This article describes How to delete ZTNA Tags on FortiGate.

FortiGate, EMS v7.0+, v7.2+, 7.4+, 7.6+

FortiGate offers two approaches to deleting ZTNA tags, but the options on the graphical user interface (GUI) are currently degraded while deleting the tags as shown below:

Method 1:  Running the following Commands on FortiGate and removing the tags with the following options.

FGT1-A (global) # diagnose endpoint tags remove-by-
remove-by-sn Remove Dynamic address tags by Serial Number (LEGACY).
remove-by-id Remove Dynamic address tags by EMS ID.
remove-by-name Remove specific tag by EMS ID and name.
remove-by-name-legacy Remove specific tag by Serial Number and name (LEGACY).

Method 2: Log in to EMS, select 'Zero Trust Tags', and select  'Zero Trust Tagging'.

First, delete the tagging rule and then delete the TAG from the EMS.

In the example below, the ZTNA Tag named 'Vulnerable_Devices' will be deleted.

1. Select Vulnerable_Devices and select 'Delete': this deletes the tagging rule, not the tag itself

2.  Select 'Manage Tags' and then delete the TAG.

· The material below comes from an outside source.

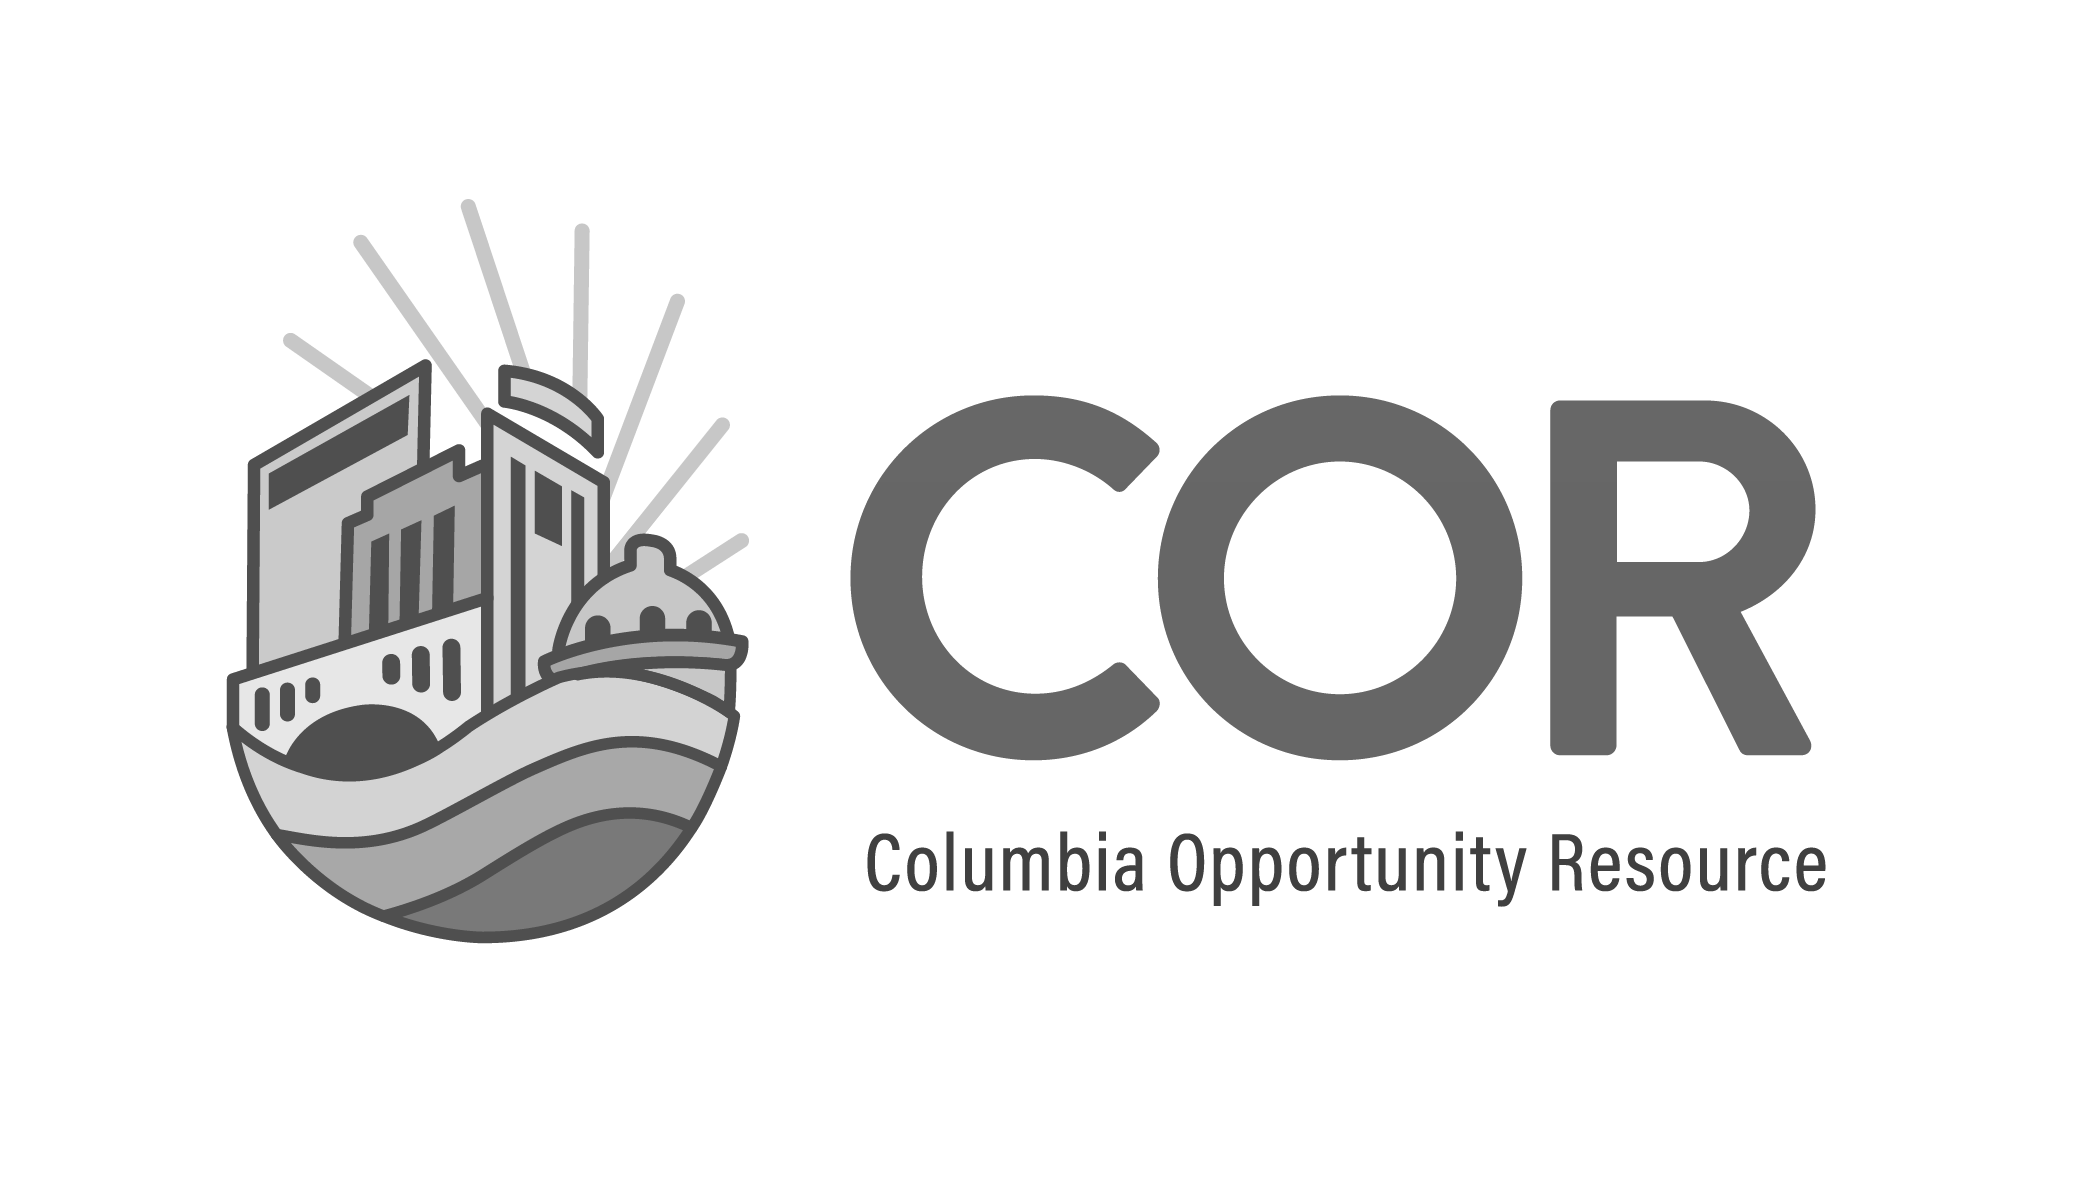 Columbia opportunity resource

This triggers an API call (notification object-id 12) to FortiGate, which marks the tag 'dirty' and if not referenced anywhere, it will be deleted.

However, if there is no connectivity for the EMS connector, then it will not process that API call.

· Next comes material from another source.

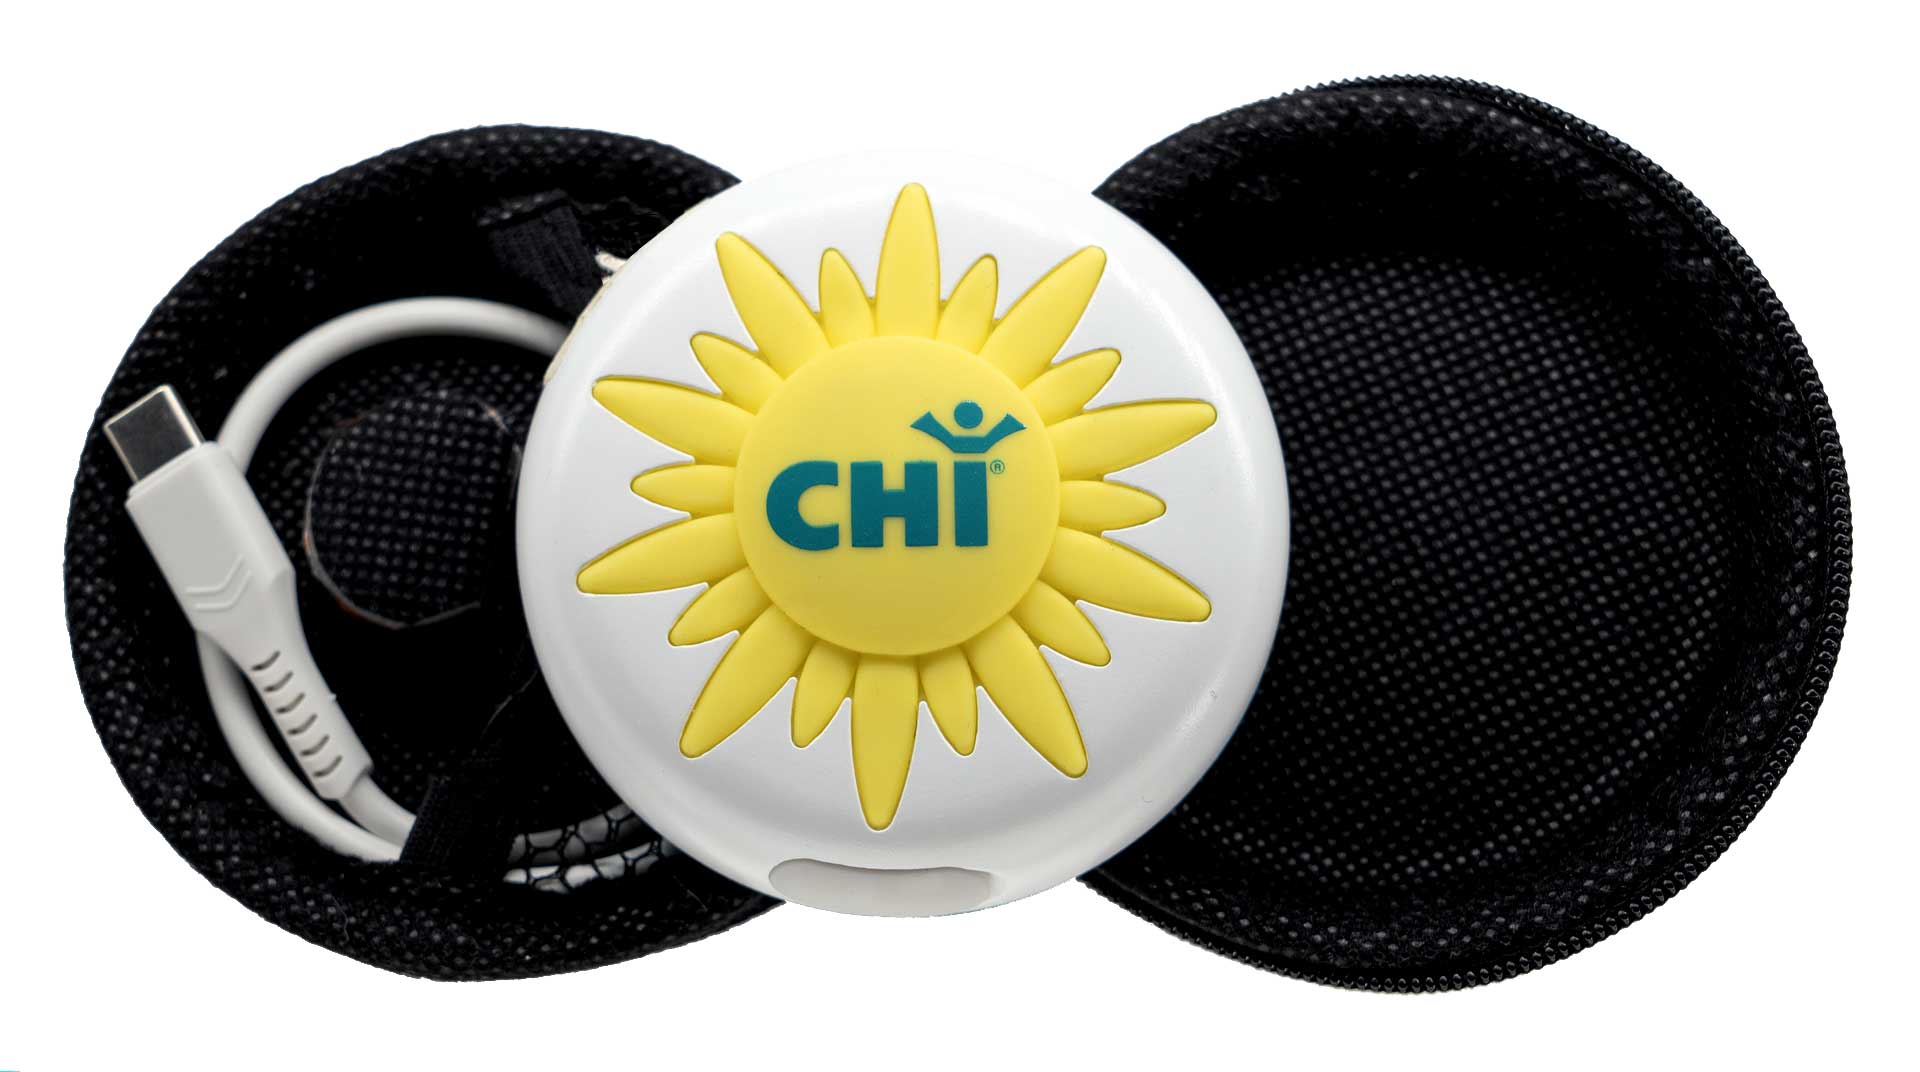 CHI Sun in Case with Charging Unit & Cable

Additionally, if the EMS connector has been moved to an ID other than the one referenced in the ZTNA tag, it may cause 'orphan' tags.

Re-enabling the EMS Fabric Connector in FortiGate with the same ID as the orphan ZTNA Tag will trigger a sync from EMS to FortiGate, which should remove any stale entries for Tags that have been removed in EMS and are not referenced in FortiGate.